The GC will only collect something that there are no live references to. If an array gets reallocated (by e.g. appending to it beyond it's capacity) and there's no reference anywhere to the old data, then it can be collected (no guarantee it will be).

On Wednesday, 10 July 2013 at 17:18:09 UTC, JohnnyK wrote:
> export string mytest(string tstStr)
> {
>   string st = tstStr;
>   /* abbreviated to protect the innocent but other operations
>      such as concatenating and deleting may be done to st before the return
>   */
>   return st;
> }


Arrays are complex, as mention see: http://dlang.org/d-array-article.html

The snippet shown, st references the same data as tstStr.

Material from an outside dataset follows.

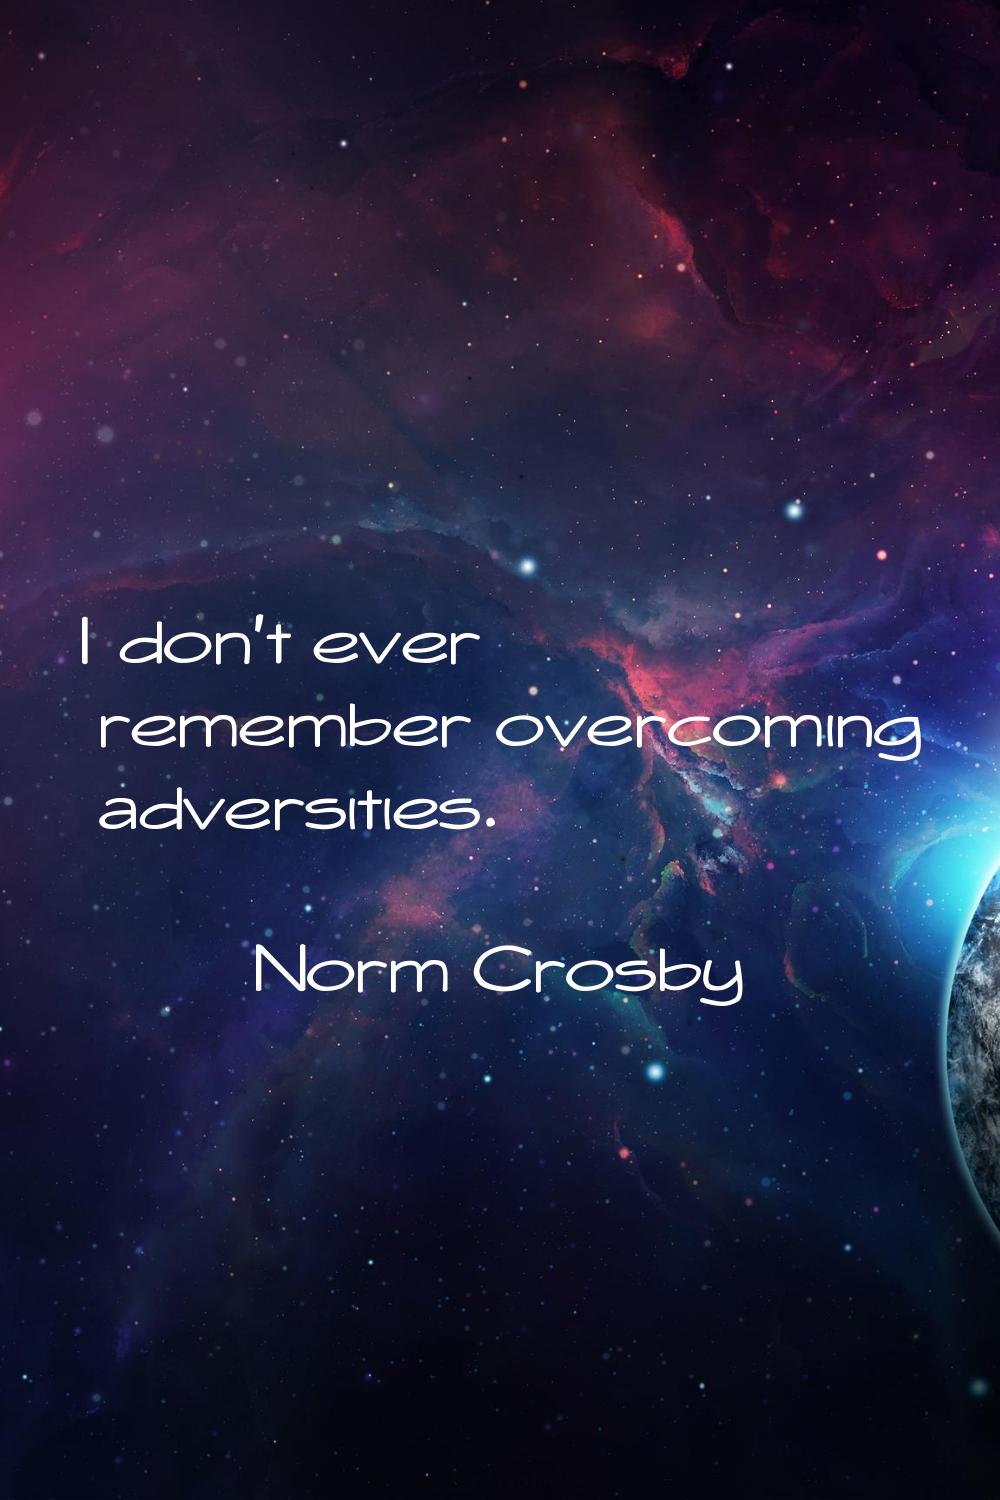 I don't ever remember overcoming adversities.

The comment states "concatenating," then st does not point to the same data as tstStr.

On Wednesday, 10 July 2013 at 18:22:24 UTC, Ali Çehreli wrote:
> And to be pedantic, length comes first:
>
> struct Array (T)
> {
>     size_t length;
>     T* ptr;
> }
>
> Which is actually property-like because assigning to length does pretty complex stuff. So the member cannot be named as 'length':
>
> struct Array (T)
> {
>     size_t length_;
>     T* ptr;
> }
>
> Anyway... :)
>
> Ali

To be pedantic dynamic arrays are implemented in D simply as

struct Array
{
    size_t length;
    void* ptr;
}

and there is no type parametrization since such arrays handling is opaque for users (in druntime they are treated as void[]). Parametrization can be useful in user side since performing any operations with structure above (void*) will lead to errors. But in user side there is no point in manipulating the structure directly, as it can be done using usual properties/druntime without template bloat. By the way, the style ABI page is written, allows implementation to have more fields.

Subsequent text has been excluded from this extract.